Burası kâfir için niçin Cennet? Kâfir, çok sıkıntılı bir hayat yaşasa da, Cehennemde çekeceği sonsuz acı azaplar yanında, dünya ona Cennet gibi gelir. Yani Cehennemdeki hayatına göre burası onun için Cennet sayılır. Müslüman isterse altın sarayda olsa da, yine onun için dünya zindandır. Niye? Sevdiklerimiz yok, hatıralar yok. Cennetteki güzellikler ve sohbetler yok. Bunların hepsi olsa bile, burası geçicidir, bir rüyadan farksızdır, bu fâni dünya, sonsuz olan Cennet hayatı ile nasıl mukayese edilebilir?
Peki, dünya müminin zindanı olduğu hâlde, nasıl oluyor da yüzümüz gülebiliyor? Çünkü Resulullah efendimiz, (Dünyada birbirini seven, Cennette beraber olur) buyuruyor. Büyükleri hasretle ananlar, onları severek hatırlayanlar, bu sevgiden dolayı bir araya gelirler. Şimdi yüzümüzün gülmesi bundandır. Yoksa iyi bir arabamız, rahat bir evimiz olsa çok para da kazansak, geçici dünyada gülmeye değer mi? Bunları sonsuz nimet saymak, sırf dünya için yaşamak, âhiretteki sonsuz azapları düşünememek, büyüklük ahmaklık olur...
Sıkıntısız Müslüman olmaz. Çünkü Peygamber efendimiz, (Mümin, illet, zillet ve kılletten kurtulamaz. En az birine maruz kalır) buyuruyor. İllet, hastalık; kıllet, fakirlik; zillet de, zelil olmak, hakarete uğramaktır. O zaman yapacağımız ilk iş, tevbe ve istigfar etmektir. Eskiden bir Müslüman, evde bir bardak, bir çanak kırılsa, benim yüzümden oldu diye tevbe edip, iki rekât namaz kılarmış.
İkincisi de, kendimiz büyüklerin nasihatlerine uyduğumuz gibi, biz de başkalarına dine uygun şekilde nasihat etmeliyiz.

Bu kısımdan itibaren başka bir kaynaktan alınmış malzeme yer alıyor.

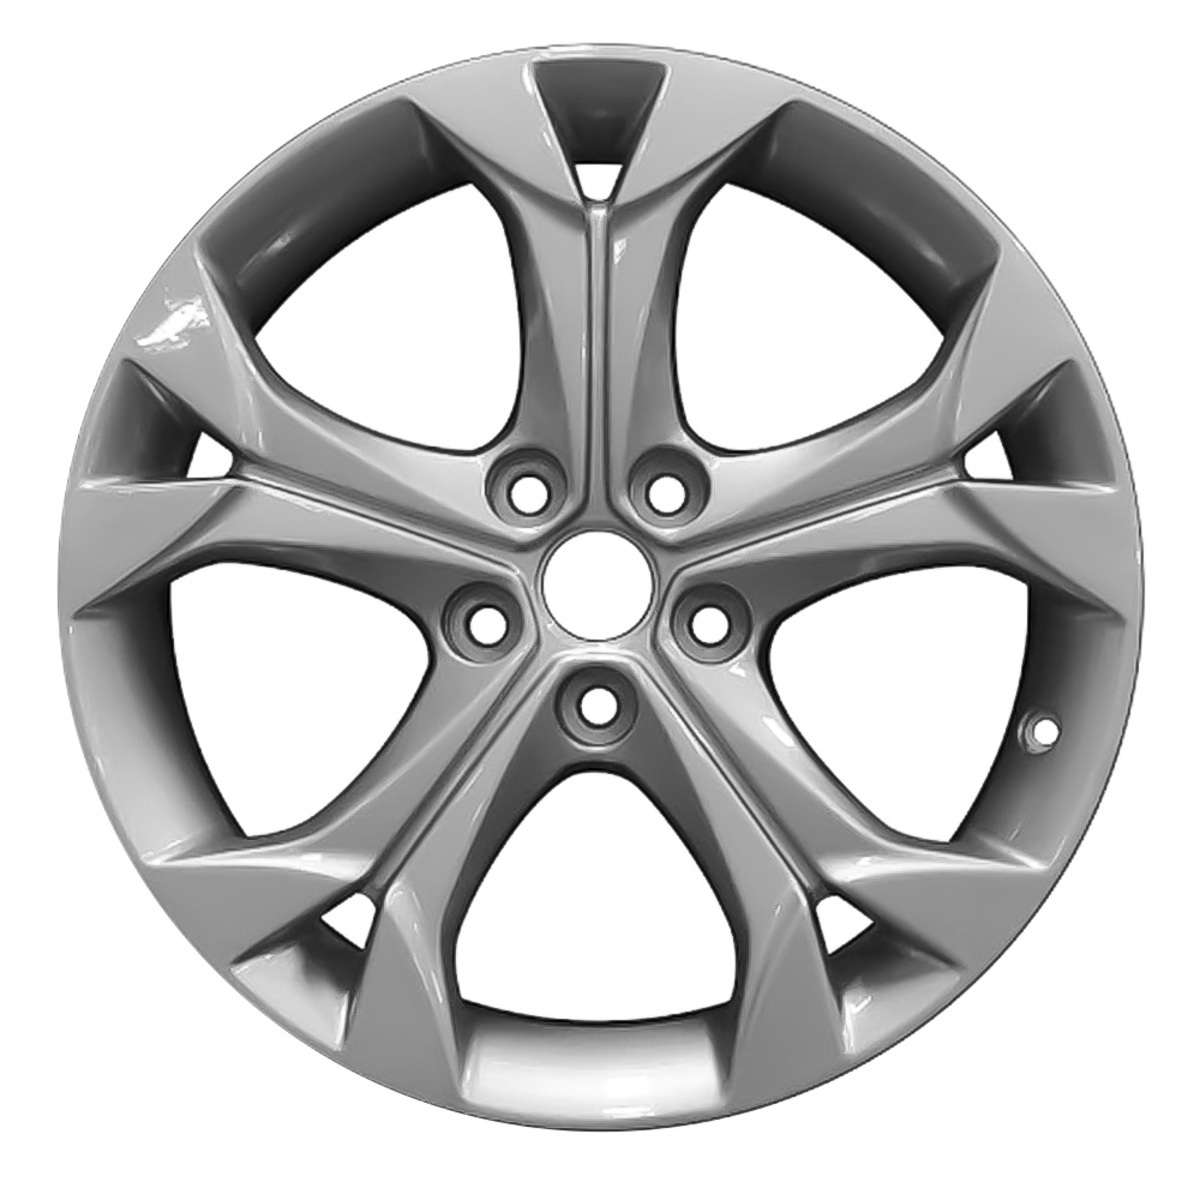 2018 Chevrolet Cruze 17" OEM Wheel Rim W5749S
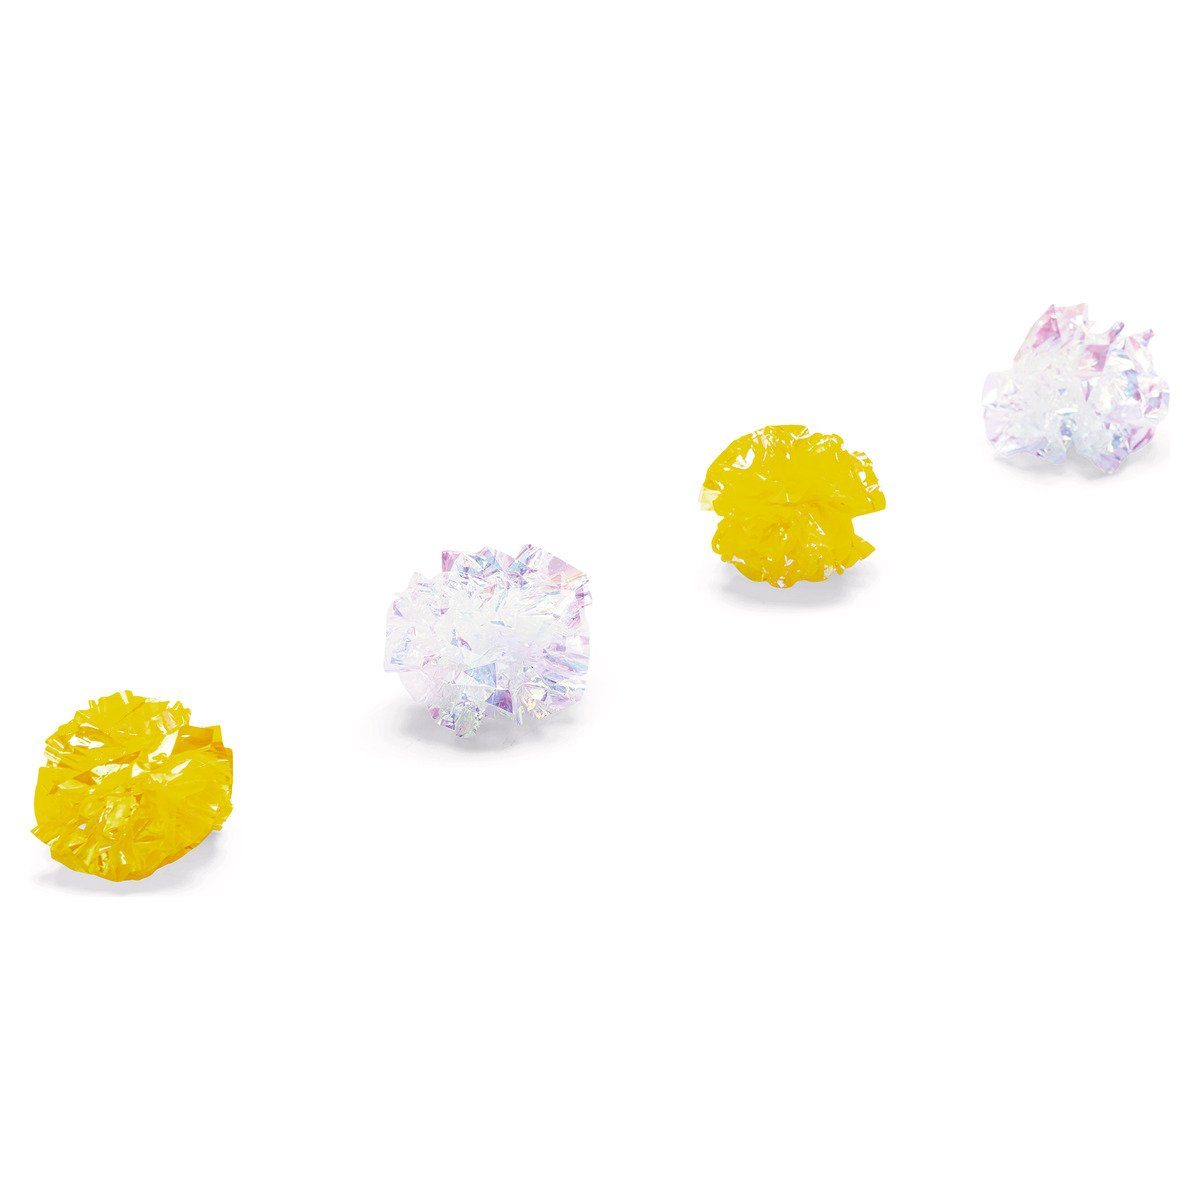 Katzenspielzeug Evy Knisterbälle Kitten Beeztees gelb/transparent Tierball

Ama (Nasıl olsa ağzım laf yapıyor, şöyle bir konuşurum, herkesi yola getiririm) demek ve böyle düşünmek yanlıştır, kendi kendimizi kandırmaktır. Bizim nasihatimizle hiç kimse düzelmez. Aksine daha da bozulur. Nasihatin yolu vardır. Kitaptan açıp büyüklerin sözlerinden okumalı veya kitabı ona vermeli. O nasihat, okuyana da, okutana da, dinleyene de, herkese faydalı olur. Büyüklerin sözüyle düzelmeyen kimse, zaten bizim sözlerimizle asla düzelmez. Onun için kendimizi aradan çekip, trafik levhası gibi büyükleri göstermeliyiz.
* * *
Sual: Şehirler arası otobüste giderken, bir yolcu, şoföre, (Kaptan abi, namaz vakti geçiyor. Uygun bir yerde dur da namazımızı kılalım) der. Şoför, (Yolda namaz mı kılınır? Evine gidince kaza edersin) der. Yolcu, (Ya ben eve gidip kaza etmeden sen yolda kaza yaparsan ne olacak) der. Bu cevap uygun mu?
CEVAP: Uygun değil. Şoför kaza yapmasa, yolcu, namazını kılmayıp evinde kaza etmiş olsa da, namazını kazaya bıraktığı için büyük günah işlemiş olur. Yolcunun şoföre, (Durmayacaksan beni hemen indir, ben namazımı kazaya bırakamam) demesi lazımdı. Bunun gibi, (Emekli olunca, kaza ederim) diyene, (Emekli olacağın garanti mi?) demek de yanlıştır. Emekli olacağı garanti olsa da, namazlarını kazaya bırakması çok büyük günahtır.